Limitations & Future Work

  • Requires white-box access to hidden states of all LLM layers—not applicable to API-only models.
  • Storage overhead for activation tensors is substantial (~0.2 GB per sample per LLM); optimized storage strategies are needed for large-scale deployment.
  • Evaluation is limited to 7–8B scale models; performance on larger (70B+) or smaller (1B) models remains unknown.
  • The linear adaptation assumption may not hold for LLMs with substantially different architectures.
  • The method focuses solely on factual QA-type hallucinations; its effectiveness on more complex error types such as reasoning errors and subjective biases is unknown.
  • vs.
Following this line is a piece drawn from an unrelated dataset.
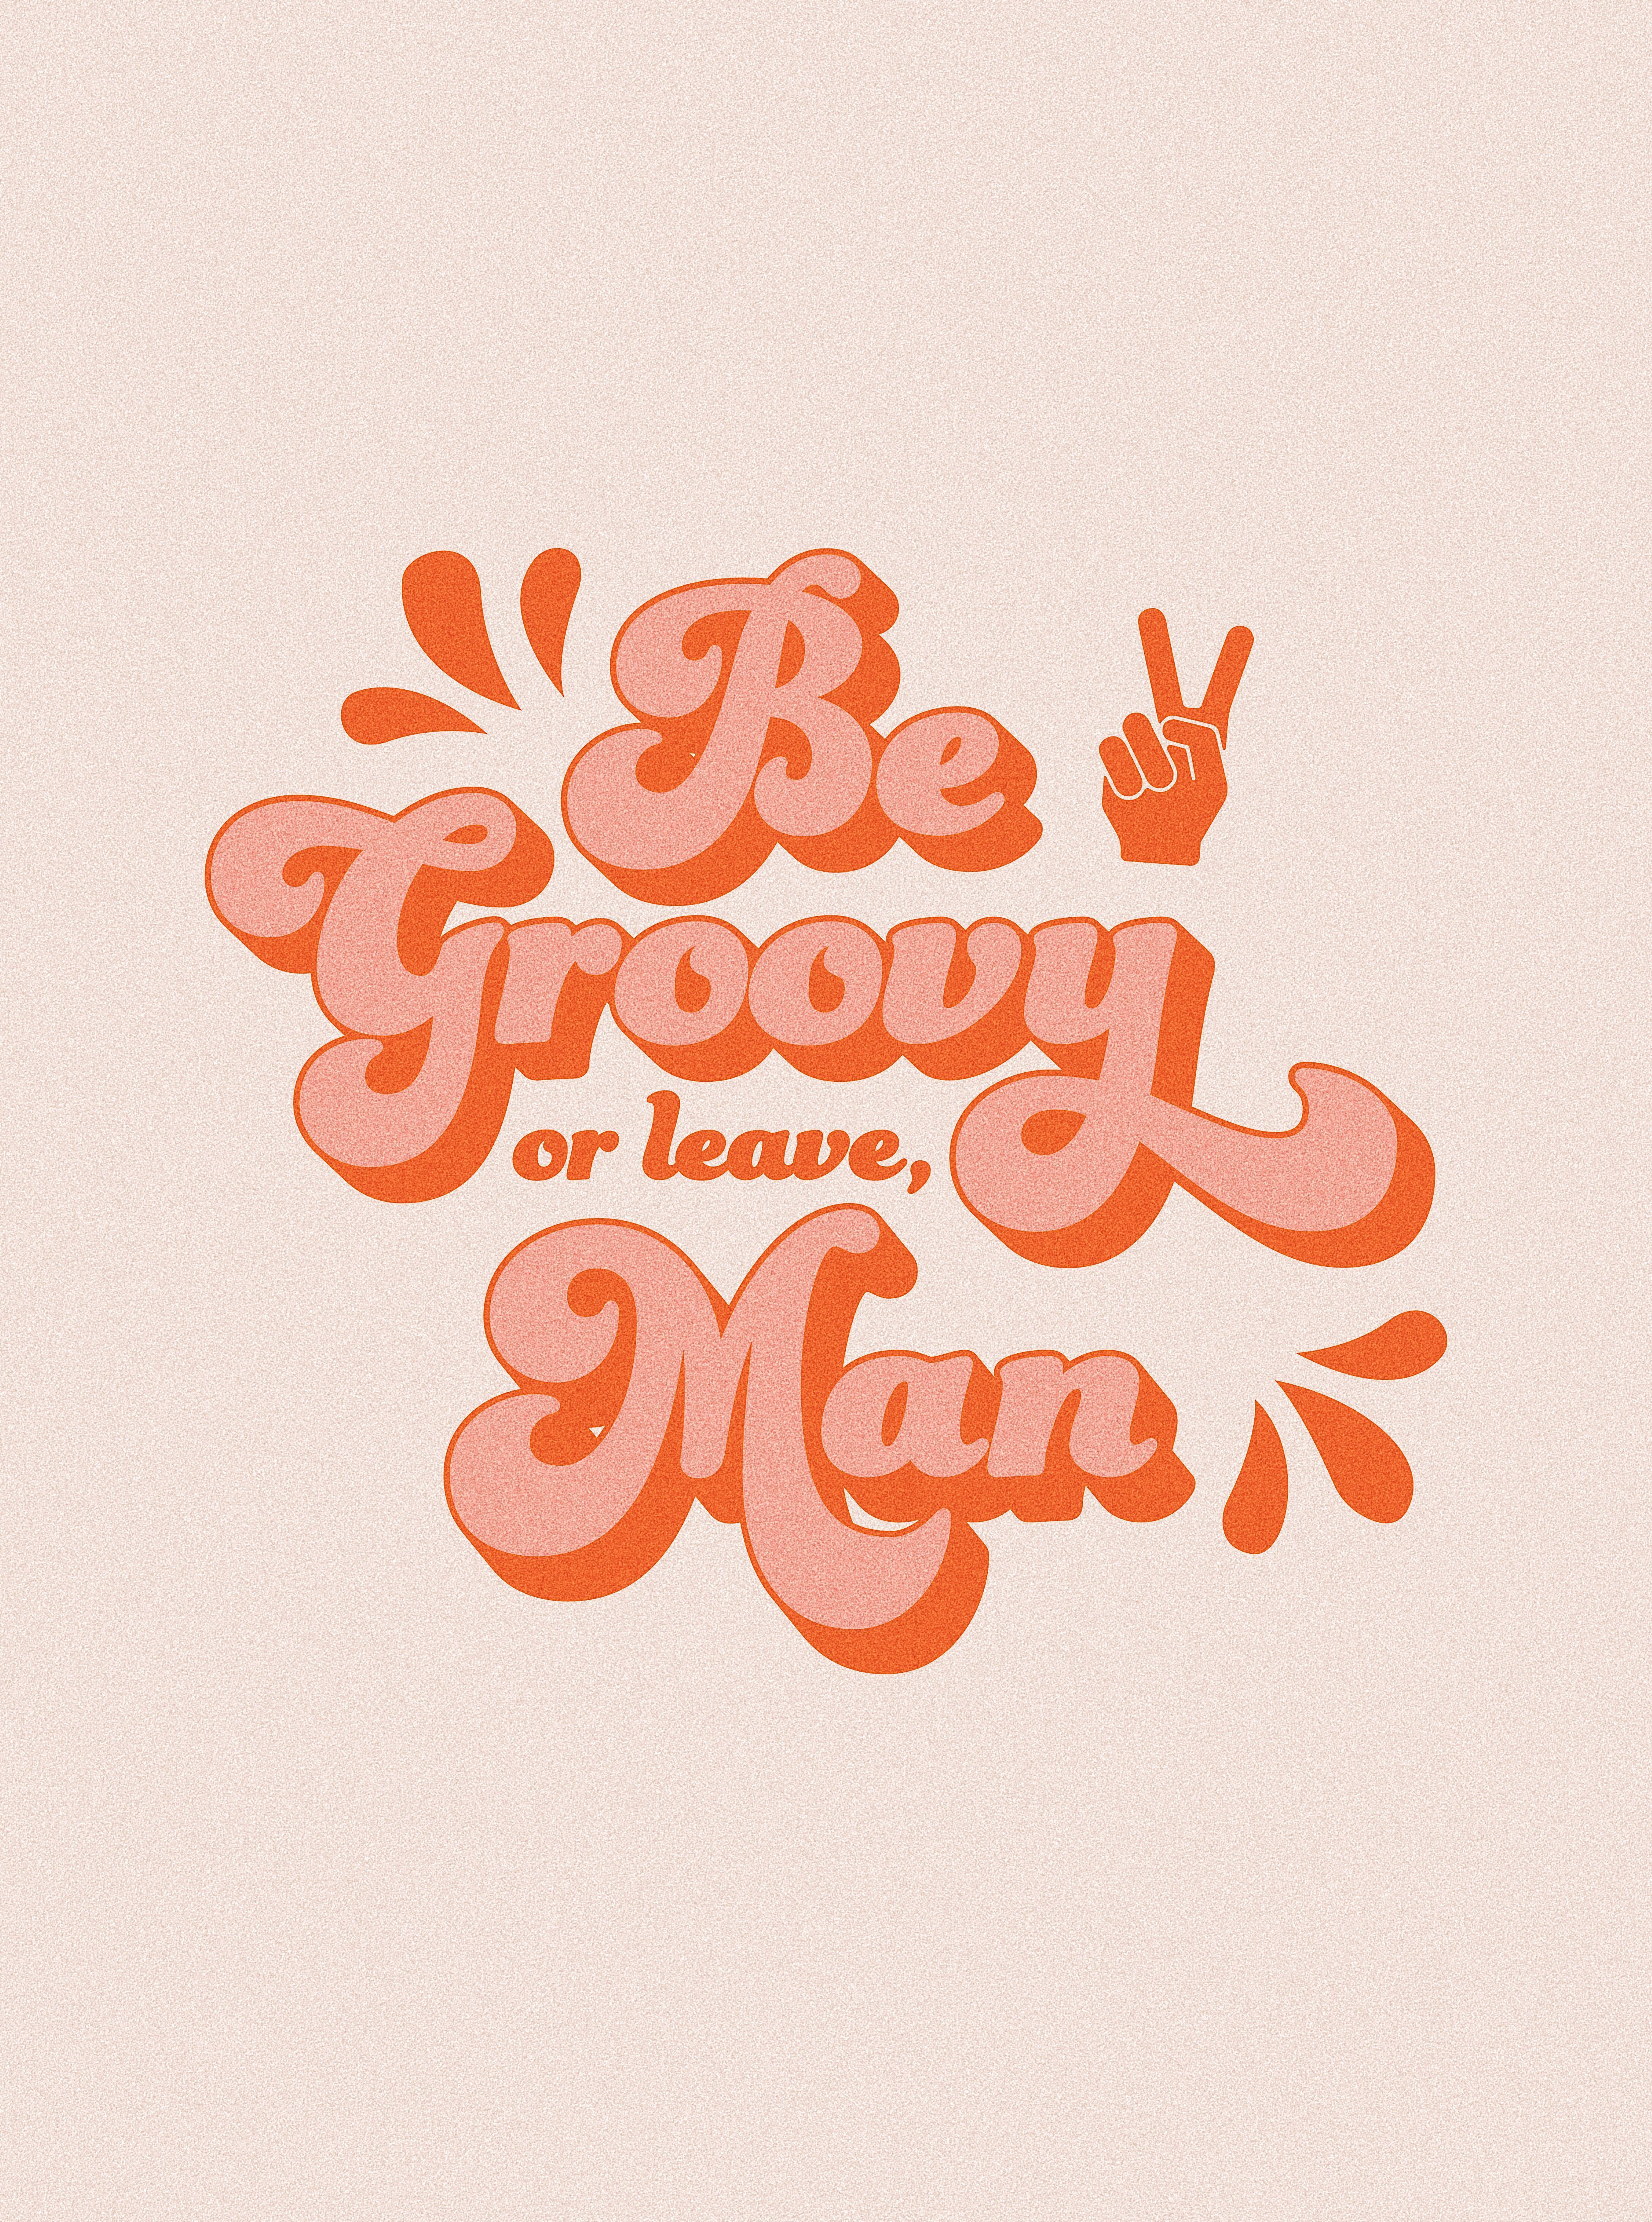 A poster that says be groovy or leave man - Calligraphy

Orgad et al. (2024): They identify the importance of "exact token" probing but still require an external algorithm for localization. ACT-ViT resolves the localization problem automatically by processing the full activation tensor.
  • vs. logits/probability-based methods: These require no training but are limited in information (only the output layer is used). ACT-ViT exploits information from all layers.
  • Implications for interpretability: The ViT attention maps can reveal which layer–token combinations carry the primary hallucination signal, offering a new perspective for LLM interpretability.

Rating

  • Novelty: ⭐⭐⭐⭐⭐ Both the activation-tensor-as-image perspective and the cross-LLM joint training paradigm are genuinely novel.
  • Experimental Thoroughness: ⭐⭐⭐⭐⭐ 15 combinations, multiple settings (single-model / multi-model / zero-shot / few-shot / transfer), and comprehensive ablations.
  • Writing Quality: ⭐⭐⭐⭐⭐ The analogy is intuitive, Figure 1 is well designed, and the experimental analysis is systematic.
  • Value: ⭐⭐⭐⭐⭐ Introduces an efficient and general new paradigm for hallucination detection; cross-LLM transfer capability represents an important breakthrough.